_Required work_. Full transcription, minus images: write out the listing below exactly as it appears.

==== Stored data ====

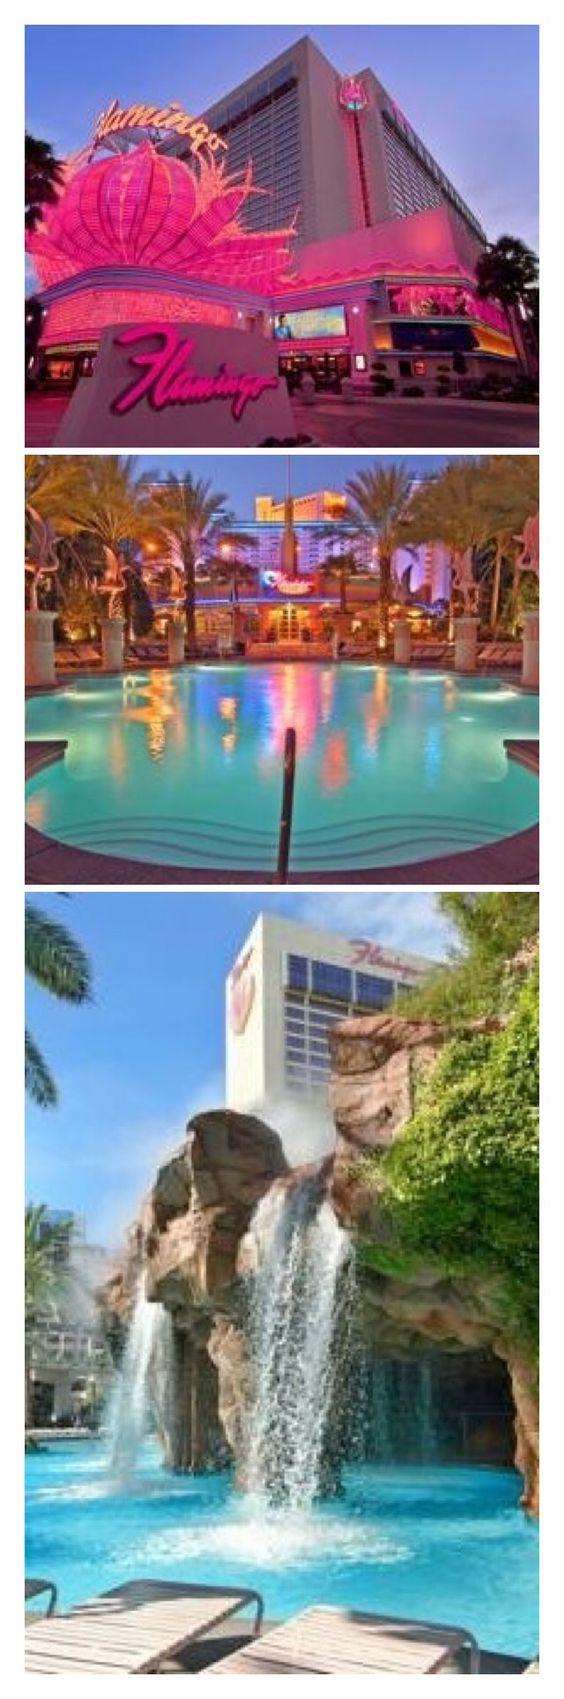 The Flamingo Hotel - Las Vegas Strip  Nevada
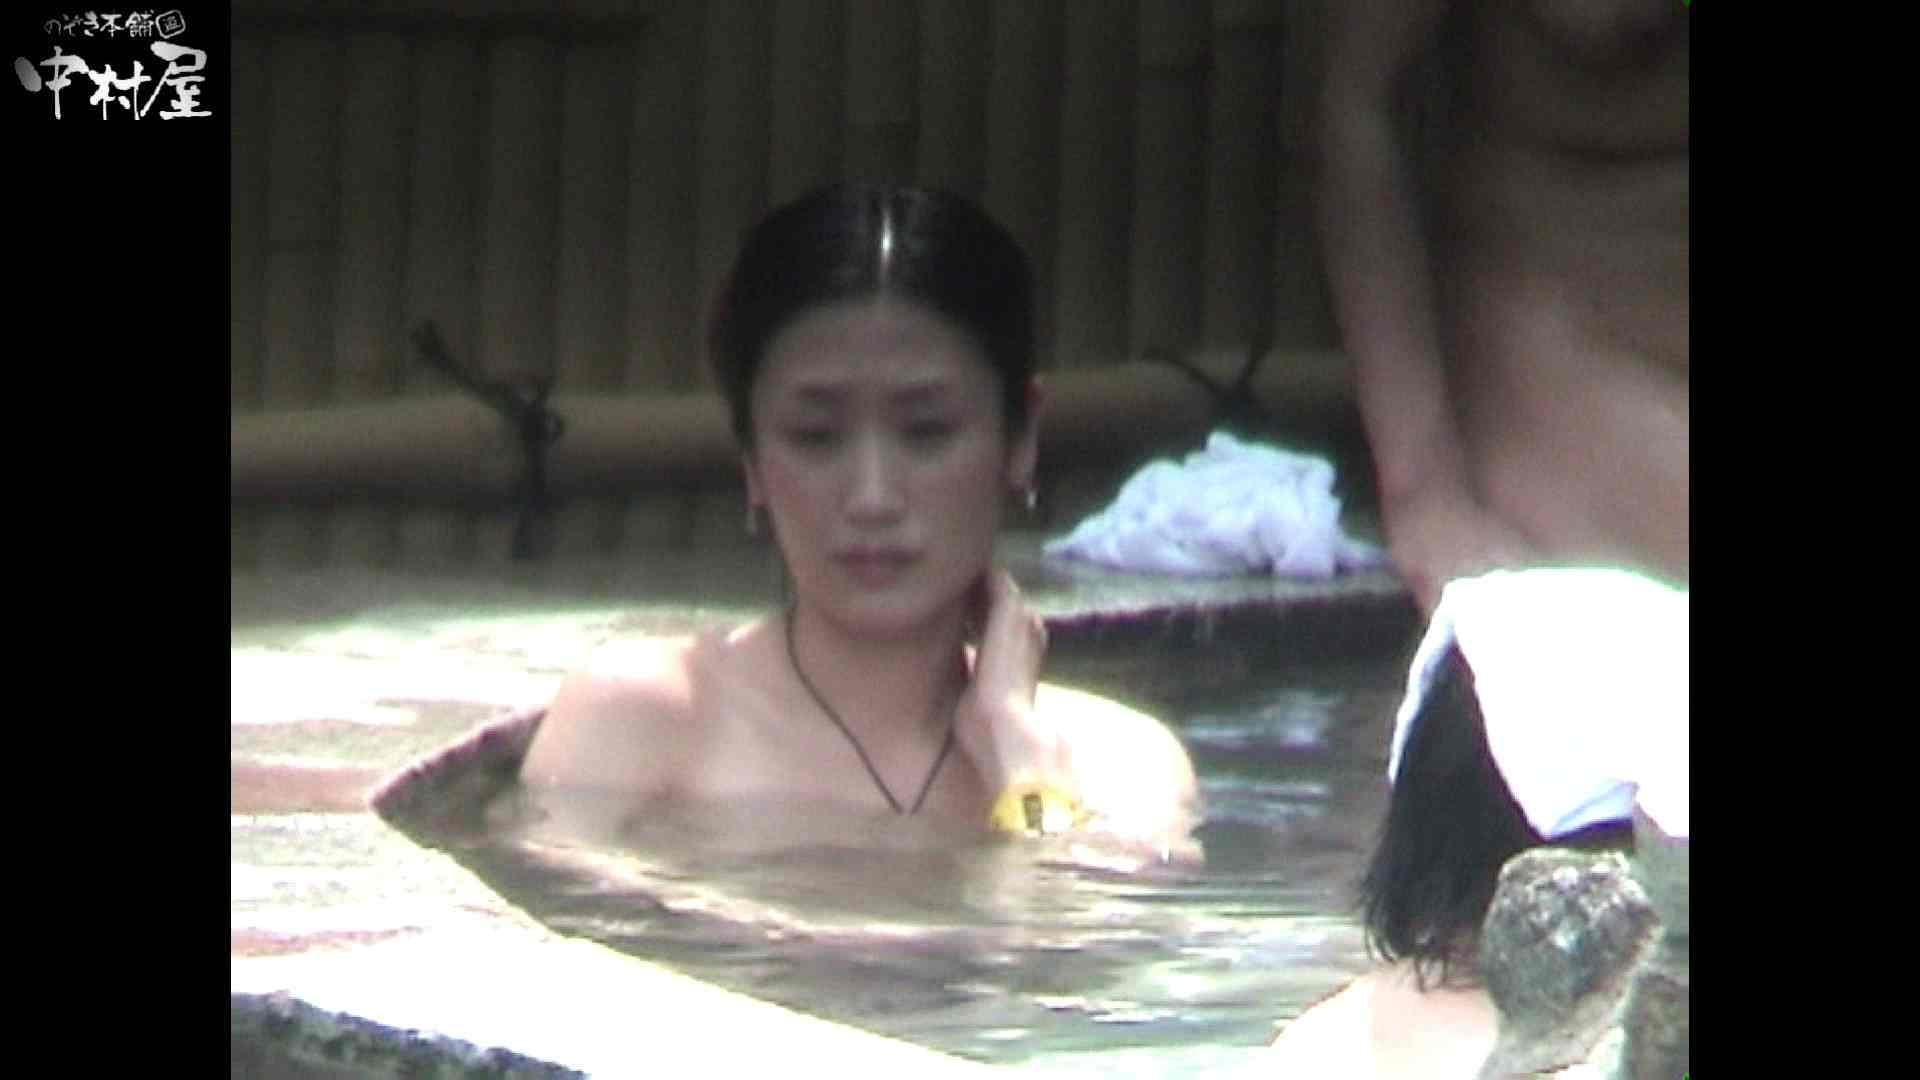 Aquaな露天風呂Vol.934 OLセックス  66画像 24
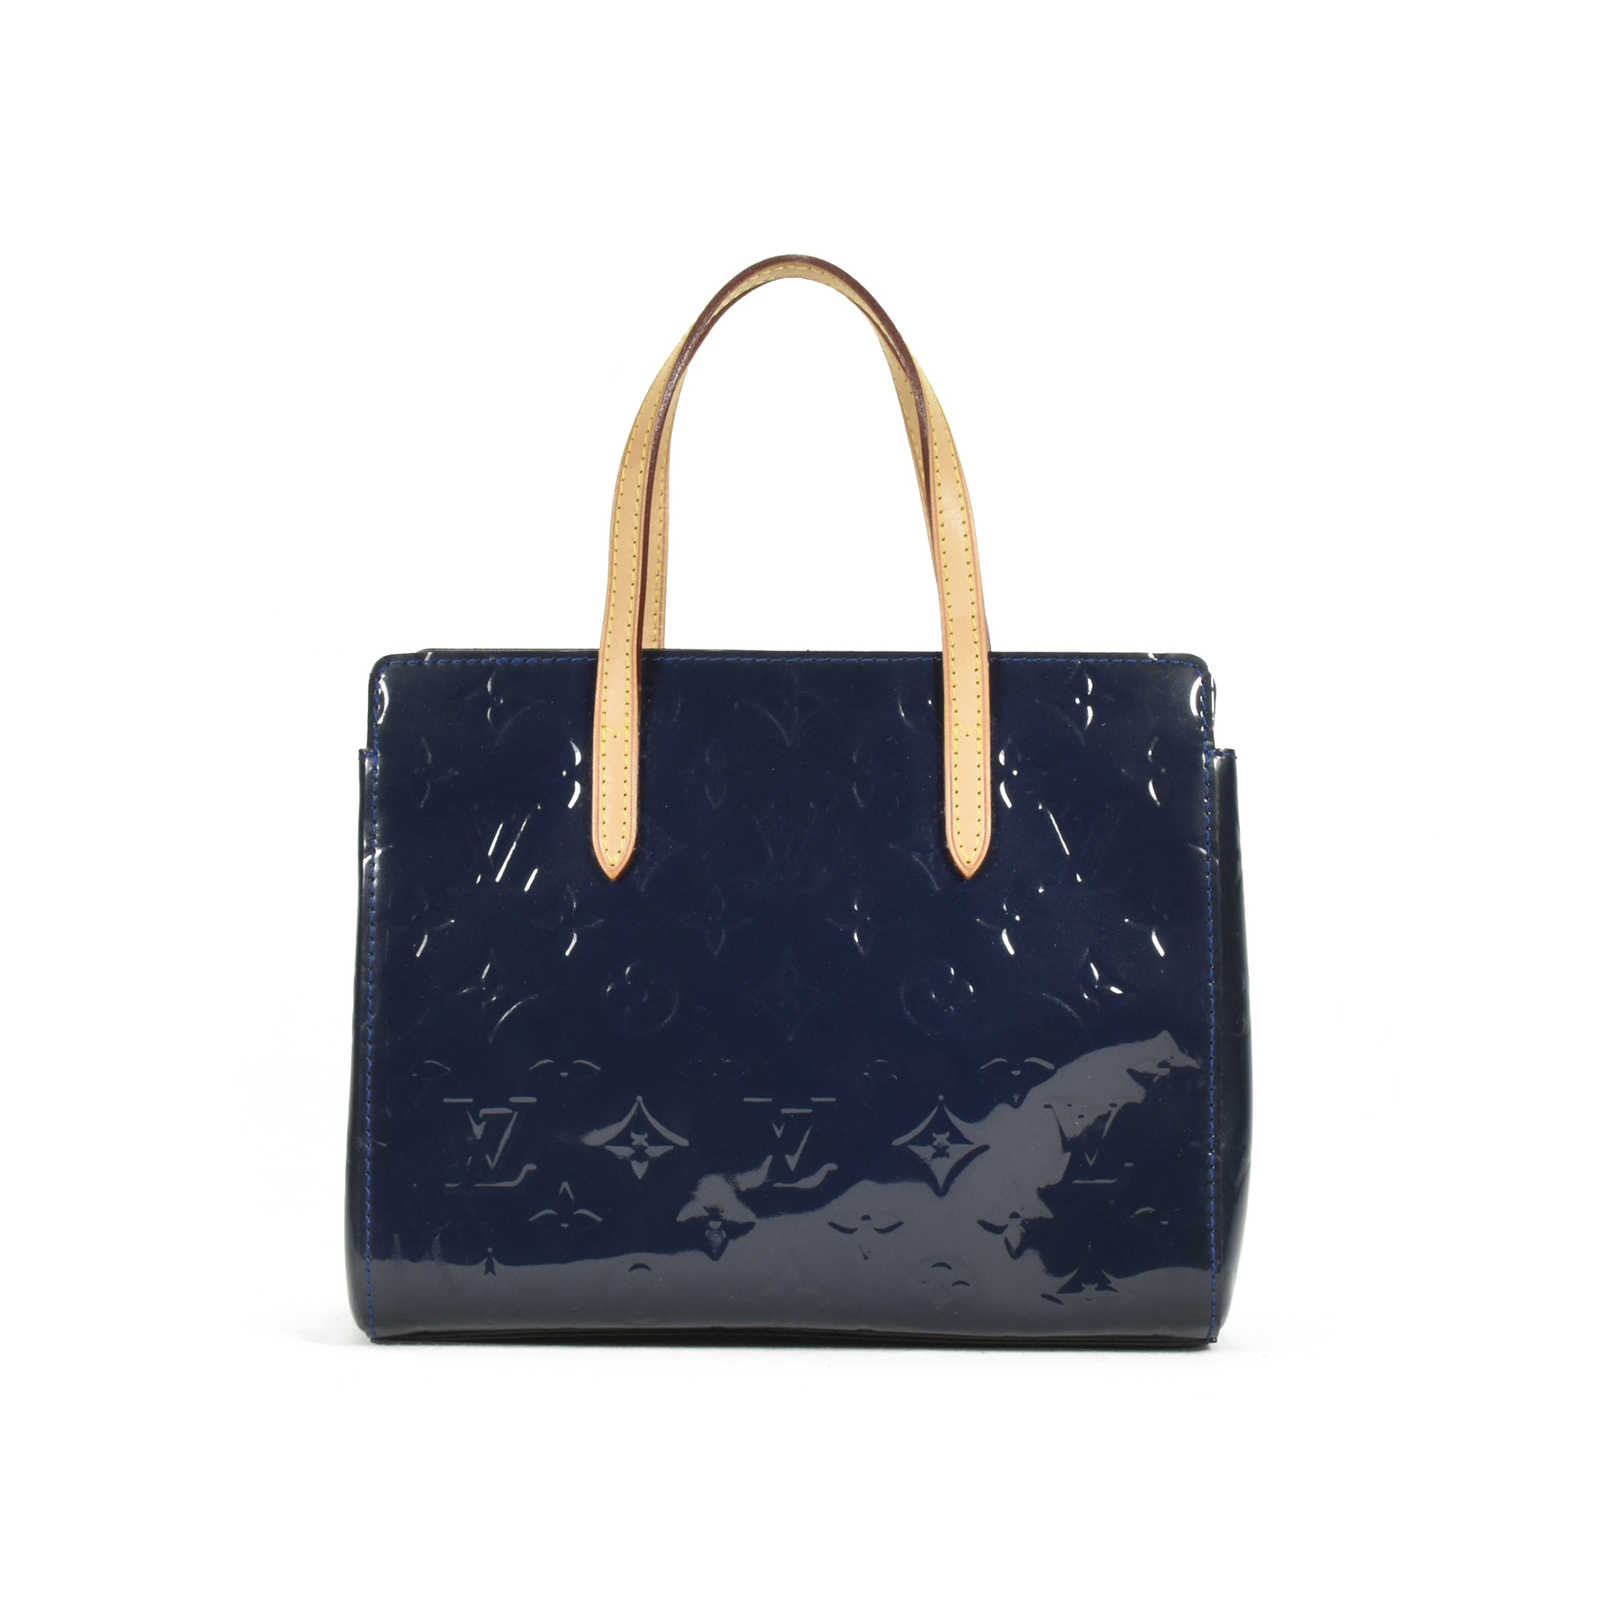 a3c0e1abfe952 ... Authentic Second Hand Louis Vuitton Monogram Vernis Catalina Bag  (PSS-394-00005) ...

====

_Solution for this task_.
 The Flamingo Hotel - Las Vegas Strip  Nevada
 Aquaな露天風呂Vol.934 OLセックス  66画像 24
 a3c0e1abfe952 ... Authentic Second Hand Louis Vuitton Monogram Vernis Catalina Bag  (PSS-394-00005) ...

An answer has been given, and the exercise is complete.